Think of a cloud platform as a city. It has roads, buildings, electricity, water, telecommunications, and every kind of facility you might need. You don't build the city — you just rent space in it and use whatever services you need.
Before cloud platforms existed, companies had to buy their own physical servers, house them in their own data centres, hire teams to maintain them, and hope they had enough capacity when traffic spiked. It was expensive, inflexible, and slow. Cloud platforms changed all of that. Now you can spin up a server in minutes, scale storage automatically, and only pay for what you use.
THE BIG THREE CLOUD PLATFORMS
1. Amazon Web Services (AWS)
AWS is the oldest and still the largest, launched in 2006. It offers over 200 services — from virtual machines (EC2) to object storage (S3) to machine learning tools (SageMaker). If you've ever used Netflix, Airbnb, or LinkedIn, you've indirectly used AWS.
2. Microsoft Azure
Azure is the natural home for organisations already deep in the Microsoft ecosystem — think enterprises running Windows Server, Active Directory, and Office 365. Azure integrates tightly with all of these, making it the dominant choice in corporate and government environments.
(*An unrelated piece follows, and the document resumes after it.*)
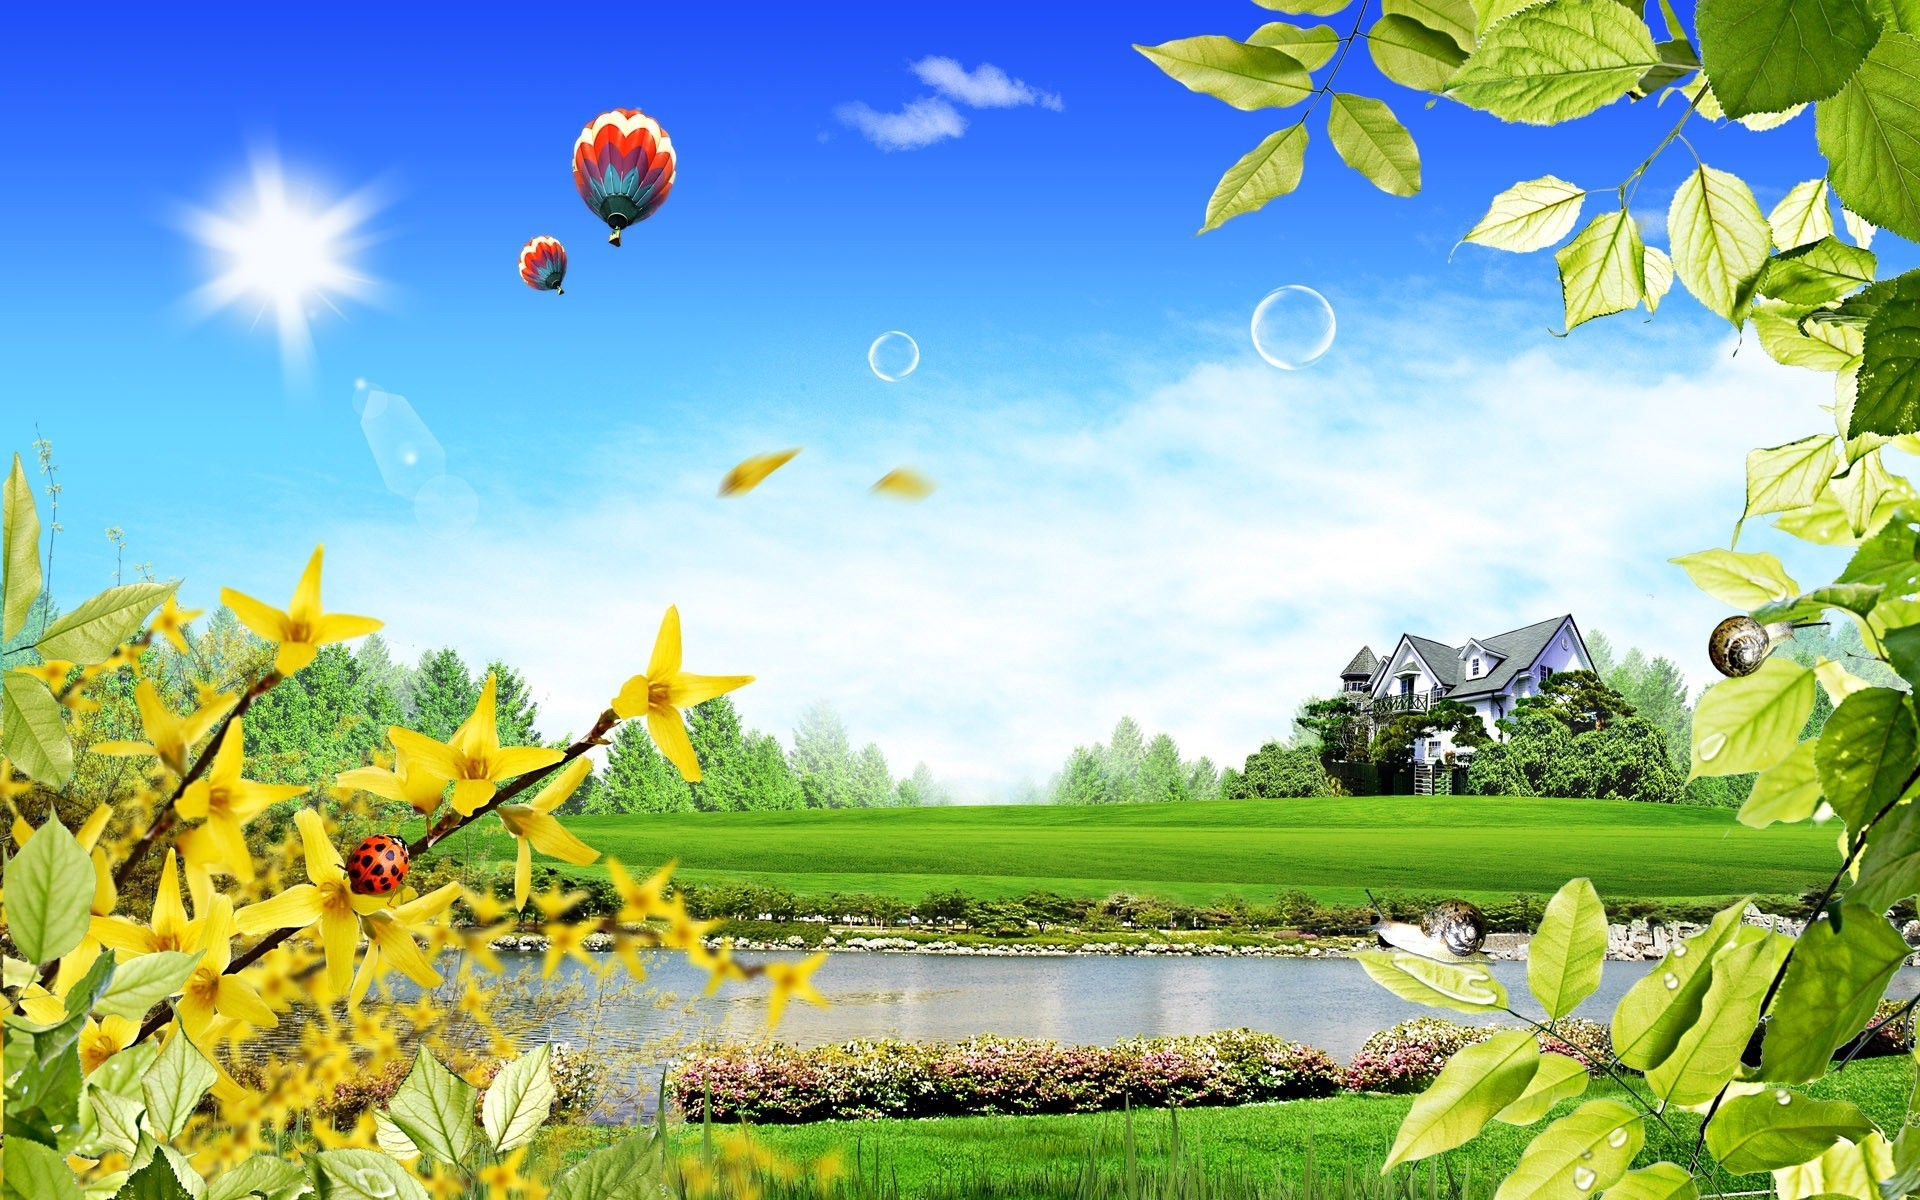 фэнтези природа лето лист небо трава флора дерево пейзаж сад сезон на открытом воздухе цветок поле красивые дом воздушный шар

3. Google Cloud Platform (GCP)
GCP is the youngest of the three but arguably the most developer-friendly. Google built it to run the same infrastructure that powers Search, YouTube, and Gmail — so it's exceptionally good at handling massive-scale data processing.
ANALOGY:
A cloud platform is like renting space in a fully serviced business park. You get electricity, internet, security, and offices — and you only pay for what you use. You don't buy the land, build the building, or hire the security guards. That's all taken care of.
It's important to understand that cloud platforms are not specifically data tools. They are general-purpose infrastructure. Data warehouses, data lakes, and lakehouses are built on top of cloud platforms — they are specific products that run within this broader ecosystem.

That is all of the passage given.